Wszystko za przyczyną Citigroup, której prezes podał, że bank może mieć najlepszy kwartał od 2007 r., kiedy po raz ostatni zanotował zyski. W efekcie akcje Citigroup skoczyły o 22 proc., gdy prezes Vikram Pandit podzielił się tą wiadomością.

Wzrosły także akcje Bank of America i JPMorgan Chase po 5 proc. Zaś ExxonMobile drożały na rynku niemieckim już trzeci dzień z rzędu, gdyż ropa idzie w górę.

Wskaźnik S&P 500 futures z terminem realizacji w tym miesiącu zyskał 2 proc. do 689,1 pkt ok. godz. 12 czasu londyńskiego . Dow Jones Industrial Average futures o 1,8 proc. do 6644 pkt, a Nasdaq-100 Index futures o 1,6 proc. do 1064 pkt. Akcje w Azji i Europe także zwyżkowały.

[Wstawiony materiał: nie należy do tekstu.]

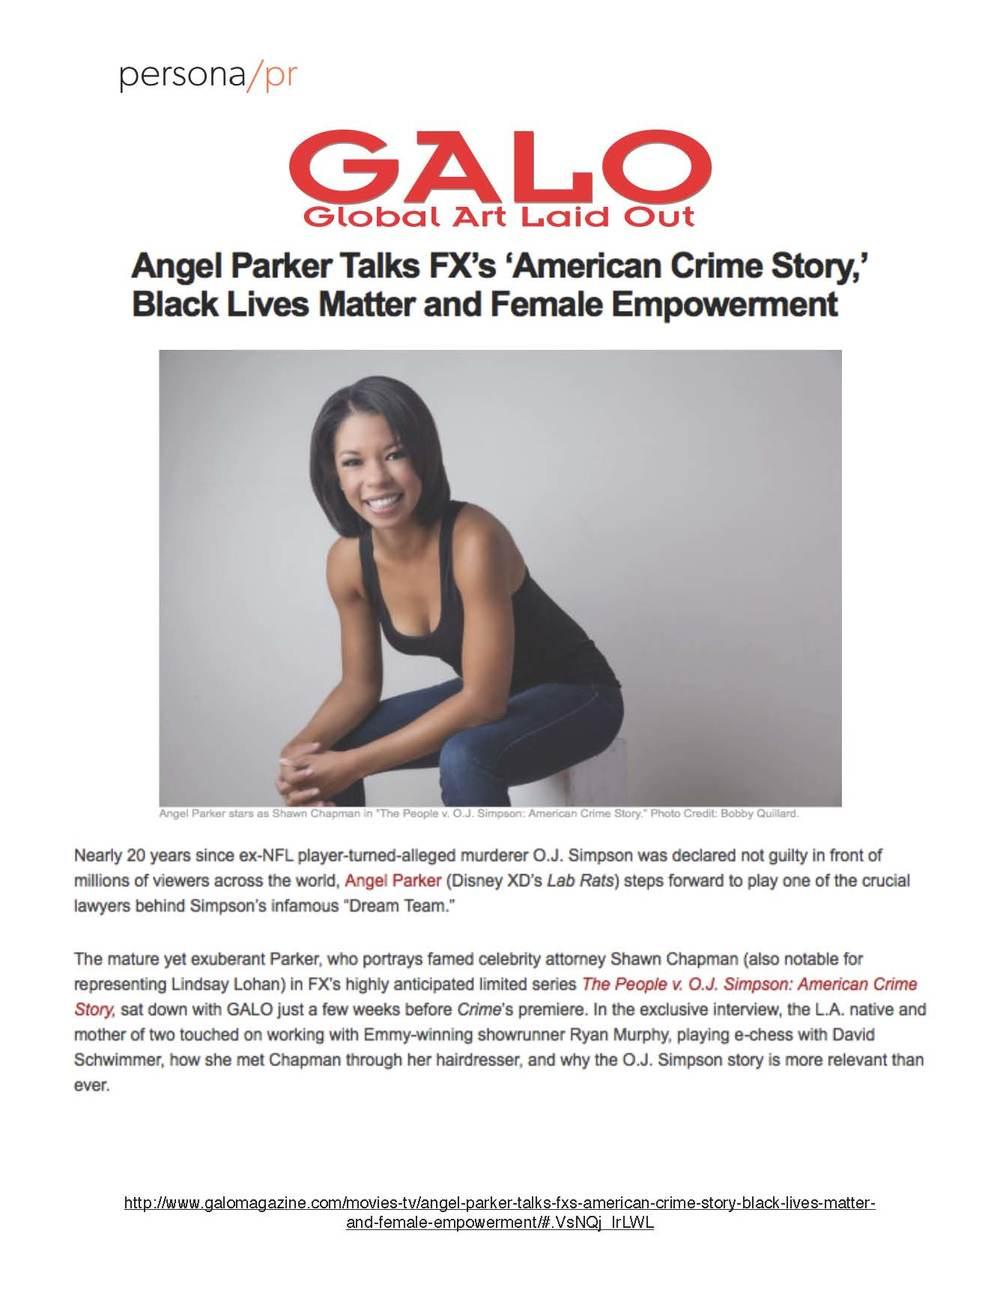 AngelParker-GaloMagazine-02.15.16_Page_1.jpg

- Wczorajsza wyprzedaż akcji była przesadną reakcją na wypowiedź Warren Buffetta i dzisiaj możemy być świadkami odbicia - mówi Gerold Kuehne, który zarządza 127 mln dolarów w funduszu akcji spółek amerykańskich w firmie LLB Asset Management AG w Vaduz w Liechtensteinie. - Wyższa cena ropy może wesprzeć spółki energetyczne, gdyż sektor teraz jest bardzo atrakcyjny. Różnych ruchów możemy spodziewać się wśród banków - dodaje.

Reklama

Akcje Citigroup, która już trzy razy otrzymywała zastrzyk gotówki od rządu USA, wzrosły o 22 proc. do 1,28 dolarów za sztukę na rynku opcji. Prezes Pandit zapewnił w liście do akcjonariuszy, że oba pierwsze miesiące 2009 r. zakończyły się zyskiem.

Bank of America, największy w USA pod względem depozytów, zyskał 12 proc. w Nowym Jorku i akcje kosztowały 4,20 dolara sztuka. Zaś JPMorgan, największy pod względem wartości rynkowej, zyskał 5,6 proc. do 16,79 dolara z akacje.

Rosły też ceny akcji gigantów naftowych. Exxon o 0,5 proc do 64,91 dolarów, ConocoPhillips o 1,5 proc. do 37,08 dolarów. Jest to efekt wzrostu ceny ropy naftowej do ponad 47 dolarowa za baryłkę, bo Arabia Saudyjska zapowiedziała ograniczenie wydobycia w kwietniu.